La protection de l’environnement dans son ensemble représente un enjeu important dans la définition des politiques d’assainissement. La préservation des ressources en eau se place au centre de cet enjeu. Les démarches d’assainissement doivent aider à éviter la pollution organique des cours d’eau, sièges de micro-écosystèmes animaux et végétaux.

Dans les cours d’eau où se développent des êtres vivants (animaux et végétaux), l’évacuation des eaux usées et des excréments humains ne leur est pas profitable. Or, le programme de l’environnement des Nations Unies estime à 90% les eaux usées non traitées des pays en développement, c’est-à-dire des eaux usées rejetées directement dans les cours d’eau, polluant par conséquent les ressources en eau. Plus de 200 millions de tonnes d’excréments humains seraient ainsi annuellement déversés dans les cours d’eau (GABERT, 2018).

La biodégradation de ces masses importantes de matière organique par les micro-organismes s’accompagne d’une forte consommation d’oxygène qui diminue la concentration en oxygène dissout dans les eaux, avec comme conséquence l’asphyxie du milieu et la mort des espèces. L’impact est d’autant plus fort que les nutriments amenés par les excréments (C, N, P) servent à favoriser le développement rapide des algues, phytoplanctons et autres végétaux, créant un déséquilibre dans le milieu suite à une surconsommation d’oxygène.

L’oxygène est très important pour l’oxydation de l’ammoniac et des nitrites, deux molécules écotoxiques pour les animaux, produites à partir de la décomposition des matières organiques riches en azote en les transformant en nitrates.
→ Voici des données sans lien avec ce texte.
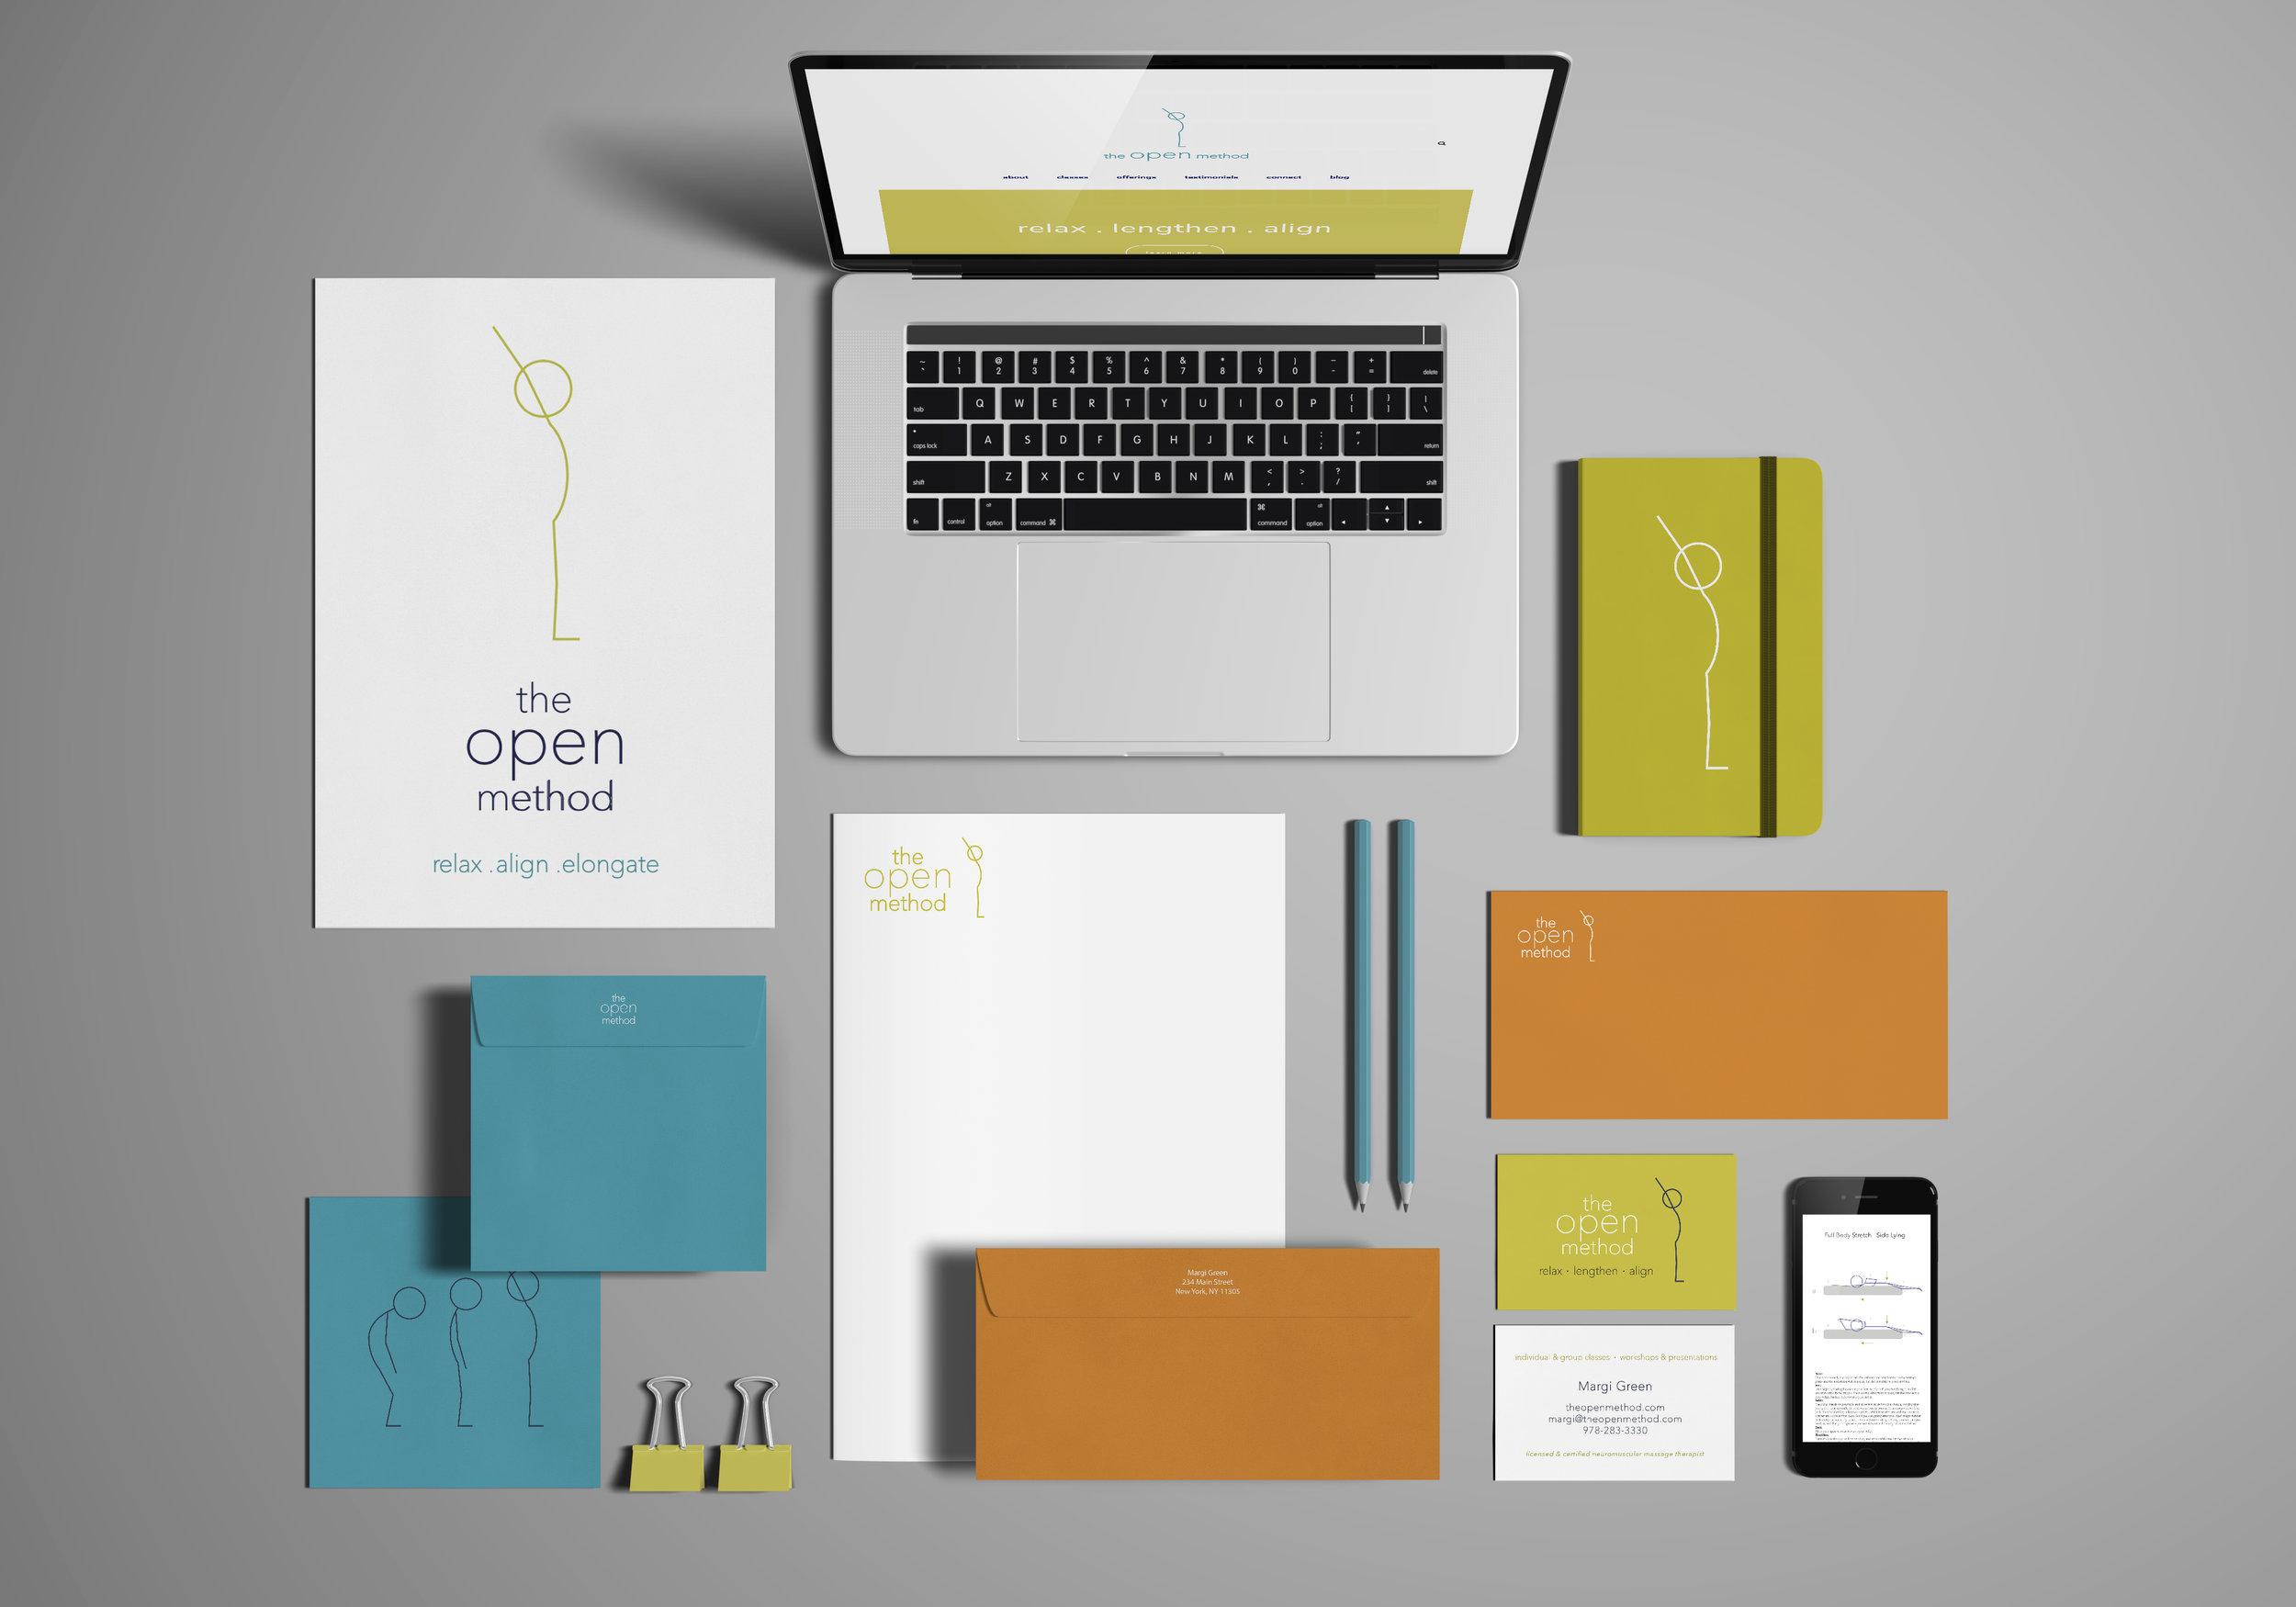 the open method -

Tout l’enjeu aujourd’hui, dans des contextes de grande pollution, tourne autour du recyclage des molécules carbonées, azotées et phosphatées, afin de prévenir le déséquilibre des écosystèmes aquatiques et de préserver les ressources en eau.

A.1.2.4 Enjeux sanitaires

Beaucoup d’infections, notamment les maladies féco-orales, sont liées à la mauvaise gestion des eaux usées et des excréments humains. Ces derniers sont potentiellement riches en micro-organismes pathogènes susceptibles de provoquer des maladies. Quand les excréments humains ne sont pas traités ou hygiénisés correctement, les micro-organismes pathogènes peuvent polluer et contaminer l’environnement, mobilisant de nombreuses voies de contamination (l’eau, les aliments, l’air) pour produire des maladies, voire des épidémies (ESREY et al., 1998 ; ALEGBELEYE et al., 2018). La transmission des maladies féco-orales peut être accélérée par des insectes vecteurs véhiculant les agents pathogènes prélevés sur des rejets traînant dans la nature. Ceci est non seulement une menace pour la santé des populations des pays où l’assainissement est défaillant, mais aussi pour le monde

entier. En effet, la circulation des agents pathogènes d’un coin à l’autre de la planète peut se faire sans difficultés compte tenu de la masse des déplacements humains et des échanges commerciaux entre les pays (pour preuve, le choléra apporté par les agents népalais des Nations Unies en Haïti). Pour prévenir la transmission des maladies à transmission hydrique susceptibles de générer jusqu’à des pandémies, les pays, voire les instances internationales concernées par la question, ont tout intérêt à considérer comme extrêmement important et même urgent de trouver des solutions au problème d’assainissement, en cherchant à maitriser les différentes sources et voies de contamination.